*** Opening of Exercise data ***

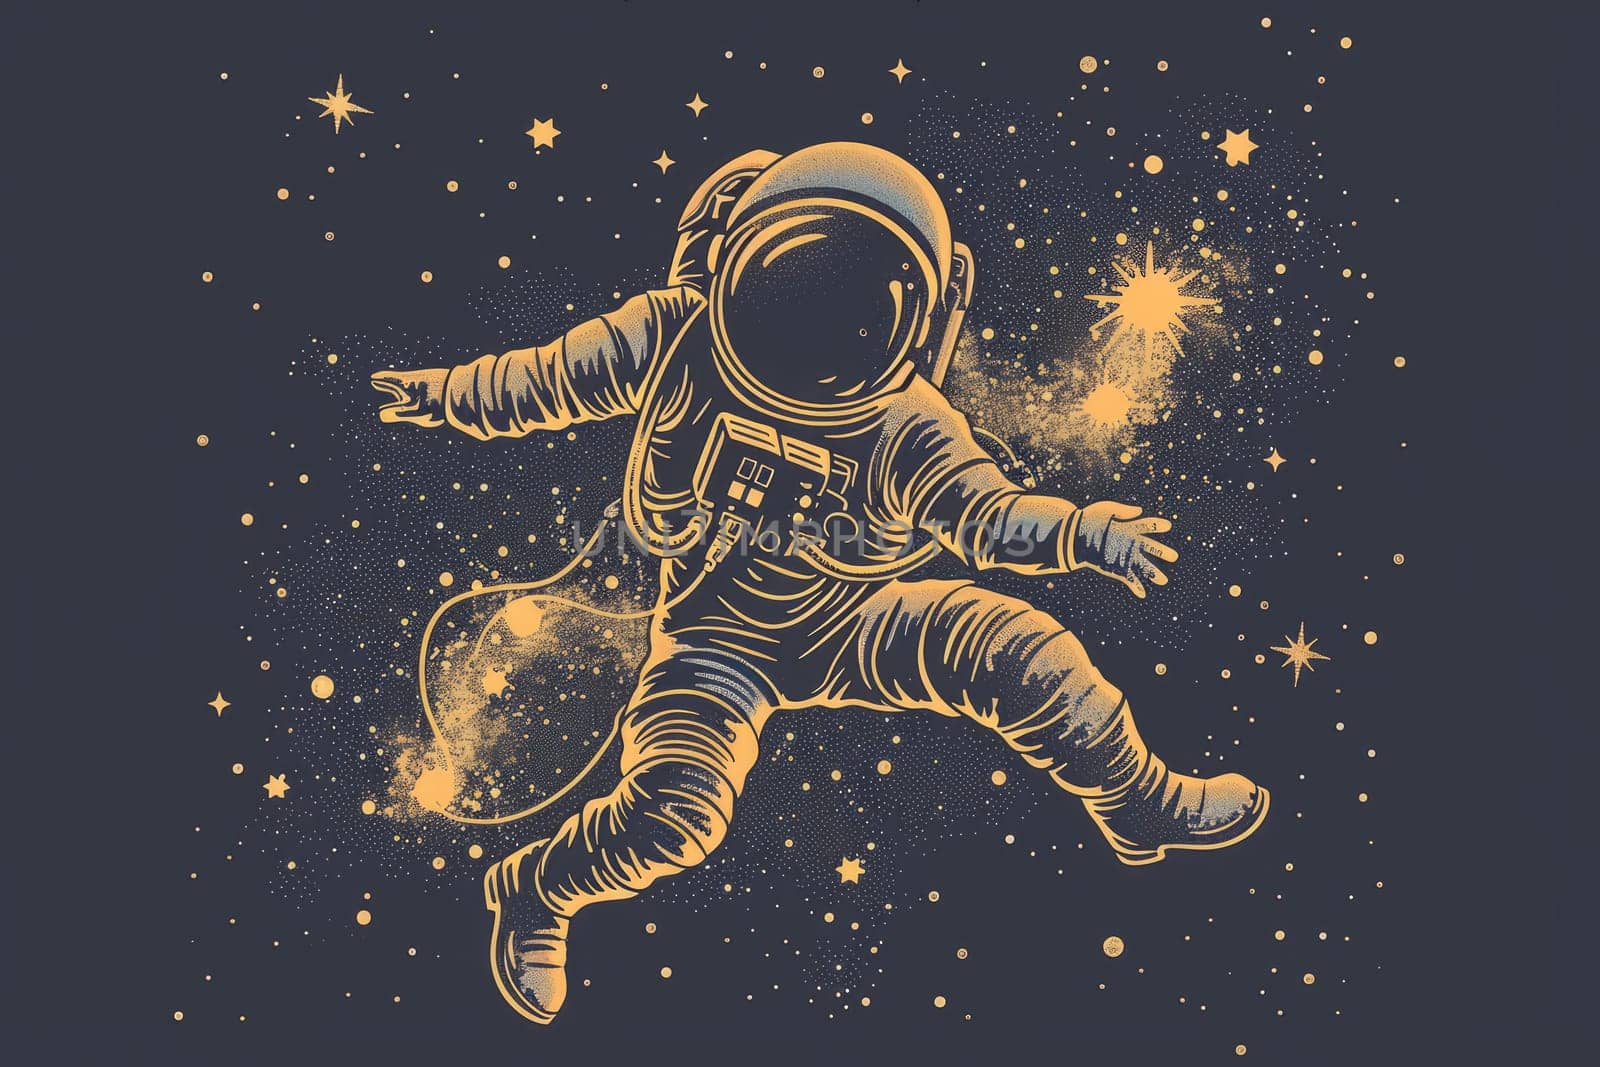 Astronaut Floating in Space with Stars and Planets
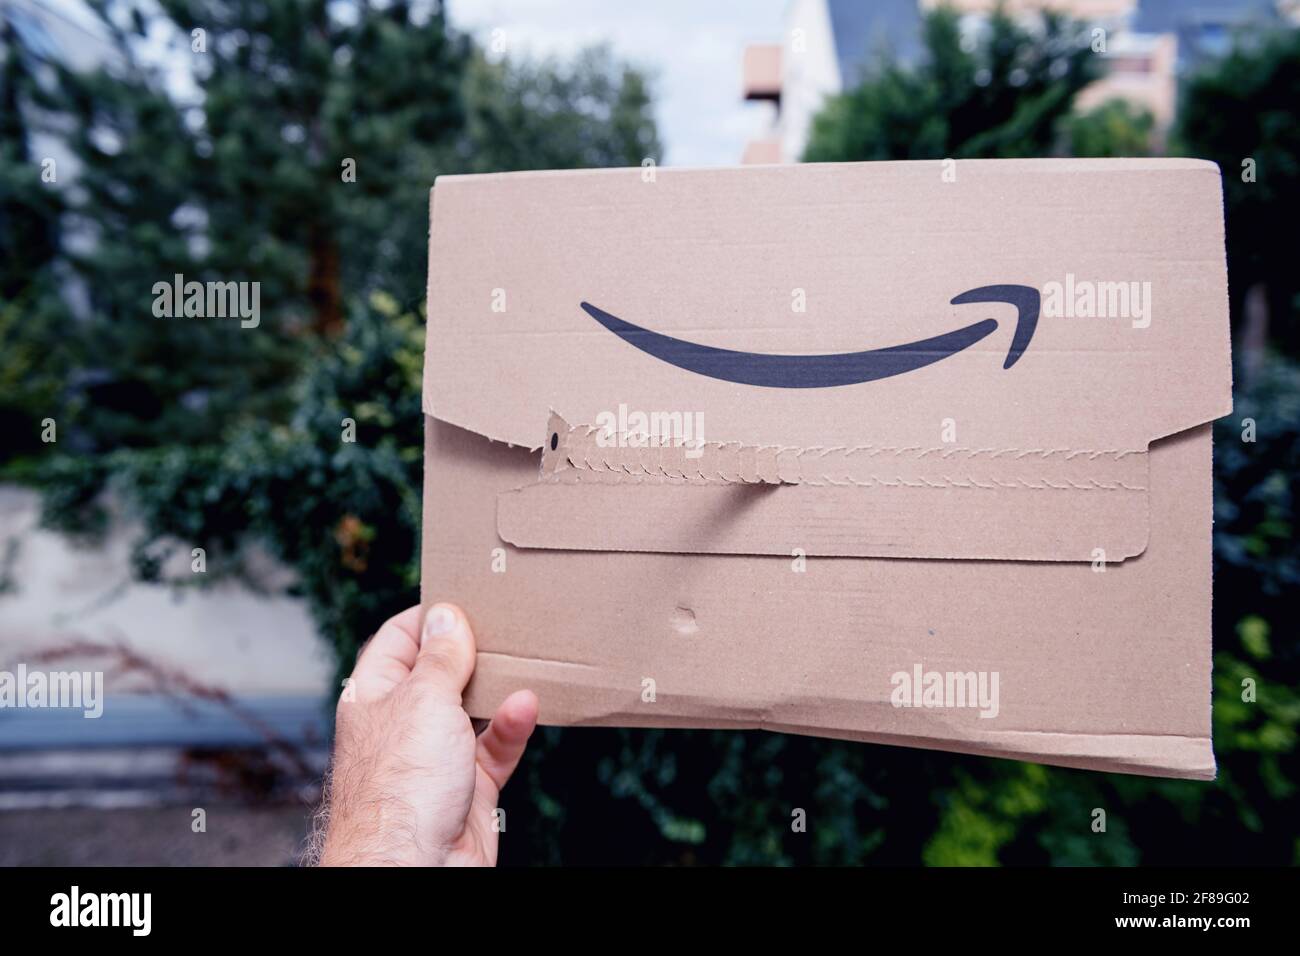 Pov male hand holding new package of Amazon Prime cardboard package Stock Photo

*** Close of Exercise data ***
*** Opening of Exercise data ***

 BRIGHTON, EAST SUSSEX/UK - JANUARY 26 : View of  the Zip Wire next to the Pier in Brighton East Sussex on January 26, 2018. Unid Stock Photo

*** Close of Exercise data ***

- _What to work on_: Since the pictures are not part of the copy, please transcribe only the lines above from the one with "Astronaut Floating in" through the one with "Pov male hand", exactly and with both ends.

- _Answer to the problem_:
 Astronaut Floating in Space with Stars and Planets
 Pov male hand holding new package of Amazon Prime cardboard package Stock Photo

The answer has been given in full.